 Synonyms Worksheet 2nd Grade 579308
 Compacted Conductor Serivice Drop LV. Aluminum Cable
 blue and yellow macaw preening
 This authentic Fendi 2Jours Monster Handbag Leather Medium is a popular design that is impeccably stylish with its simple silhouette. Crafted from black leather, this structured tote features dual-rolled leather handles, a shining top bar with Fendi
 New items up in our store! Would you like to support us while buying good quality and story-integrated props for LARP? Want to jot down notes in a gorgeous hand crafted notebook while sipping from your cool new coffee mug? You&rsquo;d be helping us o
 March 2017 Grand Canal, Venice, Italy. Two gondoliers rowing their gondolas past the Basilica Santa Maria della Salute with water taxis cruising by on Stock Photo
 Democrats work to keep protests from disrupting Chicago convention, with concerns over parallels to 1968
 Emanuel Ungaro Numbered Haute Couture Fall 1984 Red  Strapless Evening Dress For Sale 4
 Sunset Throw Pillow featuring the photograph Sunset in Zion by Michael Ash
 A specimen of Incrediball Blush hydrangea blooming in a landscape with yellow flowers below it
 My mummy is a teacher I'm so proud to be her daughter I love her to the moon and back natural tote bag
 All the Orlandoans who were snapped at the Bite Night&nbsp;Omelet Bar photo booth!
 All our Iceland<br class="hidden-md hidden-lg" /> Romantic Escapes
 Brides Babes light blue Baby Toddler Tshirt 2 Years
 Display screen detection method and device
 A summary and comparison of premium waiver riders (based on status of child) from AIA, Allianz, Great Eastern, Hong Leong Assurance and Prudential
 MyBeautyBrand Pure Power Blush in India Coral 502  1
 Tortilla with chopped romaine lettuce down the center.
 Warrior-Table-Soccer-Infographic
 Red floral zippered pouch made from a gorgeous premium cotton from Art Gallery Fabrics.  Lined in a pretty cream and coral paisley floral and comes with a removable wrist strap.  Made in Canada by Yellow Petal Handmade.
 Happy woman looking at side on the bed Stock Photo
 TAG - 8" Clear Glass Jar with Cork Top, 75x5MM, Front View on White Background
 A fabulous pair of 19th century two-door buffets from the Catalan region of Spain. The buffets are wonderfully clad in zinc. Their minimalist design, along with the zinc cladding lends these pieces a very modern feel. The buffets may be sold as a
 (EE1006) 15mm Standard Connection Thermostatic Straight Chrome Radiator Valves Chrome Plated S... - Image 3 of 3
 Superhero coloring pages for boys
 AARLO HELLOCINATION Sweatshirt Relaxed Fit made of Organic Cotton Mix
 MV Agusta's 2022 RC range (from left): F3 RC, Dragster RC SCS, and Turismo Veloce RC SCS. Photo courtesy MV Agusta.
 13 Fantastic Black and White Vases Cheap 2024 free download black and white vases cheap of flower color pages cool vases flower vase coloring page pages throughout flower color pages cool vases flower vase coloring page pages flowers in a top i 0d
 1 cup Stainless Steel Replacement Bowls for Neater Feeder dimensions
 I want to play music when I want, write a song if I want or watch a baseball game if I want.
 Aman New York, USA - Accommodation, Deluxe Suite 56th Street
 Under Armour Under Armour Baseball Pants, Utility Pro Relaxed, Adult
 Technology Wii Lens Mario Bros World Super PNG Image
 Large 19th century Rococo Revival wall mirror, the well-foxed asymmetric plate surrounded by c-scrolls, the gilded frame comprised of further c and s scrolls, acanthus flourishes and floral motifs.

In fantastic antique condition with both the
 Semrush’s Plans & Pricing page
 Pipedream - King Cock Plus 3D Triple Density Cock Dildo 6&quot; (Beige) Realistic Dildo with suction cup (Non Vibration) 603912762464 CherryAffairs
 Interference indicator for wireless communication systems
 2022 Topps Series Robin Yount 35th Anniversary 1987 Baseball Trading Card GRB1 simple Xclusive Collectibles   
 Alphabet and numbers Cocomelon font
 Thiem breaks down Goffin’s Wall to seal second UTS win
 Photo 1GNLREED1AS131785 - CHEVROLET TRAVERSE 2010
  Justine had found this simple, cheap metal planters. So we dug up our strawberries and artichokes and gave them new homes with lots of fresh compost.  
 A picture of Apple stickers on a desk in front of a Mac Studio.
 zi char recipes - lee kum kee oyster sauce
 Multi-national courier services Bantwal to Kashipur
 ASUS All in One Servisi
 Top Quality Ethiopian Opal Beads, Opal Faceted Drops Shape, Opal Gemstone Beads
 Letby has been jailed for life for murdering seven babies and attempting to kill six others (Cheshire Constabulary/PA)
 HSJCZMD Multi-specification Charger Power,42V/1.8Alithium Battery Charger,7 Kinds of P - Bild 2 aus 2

What the task asks
Precisely the lines between those holding "In fantastic antique condition with both the" and "Interference indicator for", inclusive, are to be reproduced from the listing above, with nothing added.

Written solution
In fantastic antique condition with both the
 Semrush’s Plans & Pricing page
 Pipedream - King Cock Plus 3D Triple Density Cock Dildo 6&quot; (Beige) Realistic Dildo with suction cup (Non Vibration) 603912762464 CherryAffairs
 Interference indicator for wireless communication systems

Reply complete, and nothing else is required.